Au-delà des échanges commerciaux, c’est surtout la dépendance européenne qui nourrit les inquiétudes. Bruxelles cherche à sécuriser ses approvisionnements en matières premières critiques, en semi-conducteurs, en batteries ou encore dans les technologies bas carbone, autant de secteurs où la Chine occupe une position dominante.
L’étude d’EY-Parthenon montre toutefois que cette autonomie industrielle ne s’obtiendra pas sans sacrifices. La Chine n’est plus seulement un atelier de production à bas coût. Elle concentre aujourd’hui une part essentielle des chaînes d’approvisionnement mondiales, des capacités de raffinage aux réseaux de fournisseurs, en passant par les infrastructures logistiques et les compétences industrielles. Cette concentration explique pourquoi un découplage complet représenterait un investissement d’une ampleur sans précédent.
Dans ce contexte, les entreprises privilégient généralement une approche plus pragmatique qu’une rupture frontale.

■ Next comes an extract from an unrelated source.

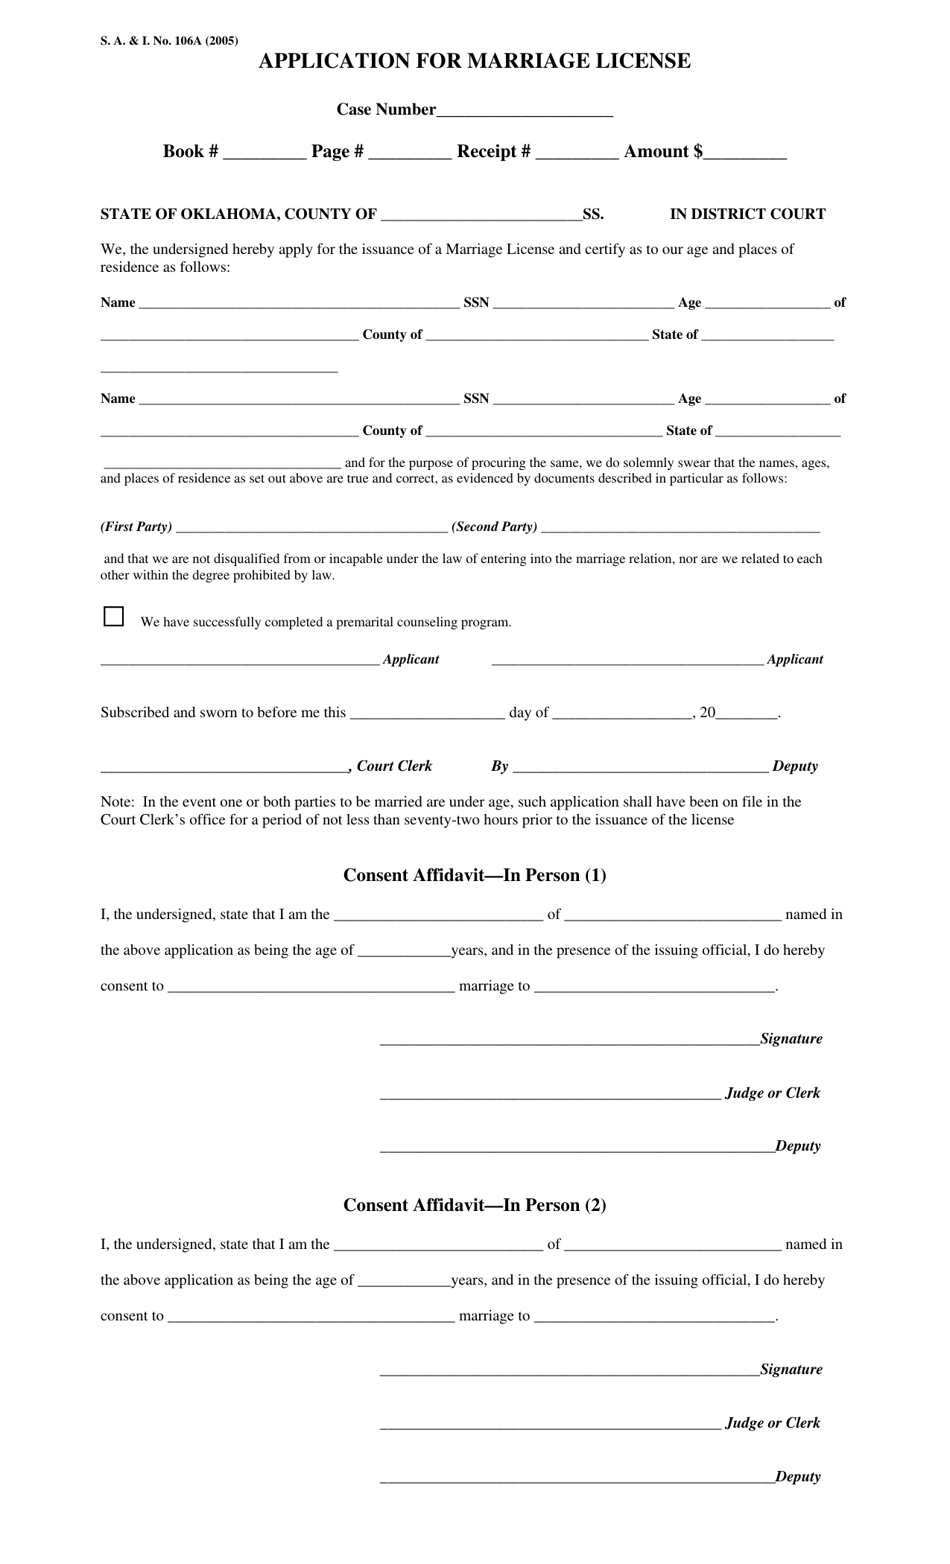 Form S.A. I.106A Application for Marriage License - Oklahoma, Page 1

La stratégie dite « China plus one » consiste à conserver une présence en Chine tout en développant des capacités de production dans d’autres pays, comme l’Inde, le Vietnam, le Mexique ou certaines économies européennes. L’objectif n’est plus de quitter la Chine, mais de réduire le risque qu’une crise géopolitique, une restriction commerciale ou une rupture d’approvisionnement ne paralyse l’ensemble de la chaîne de valeur.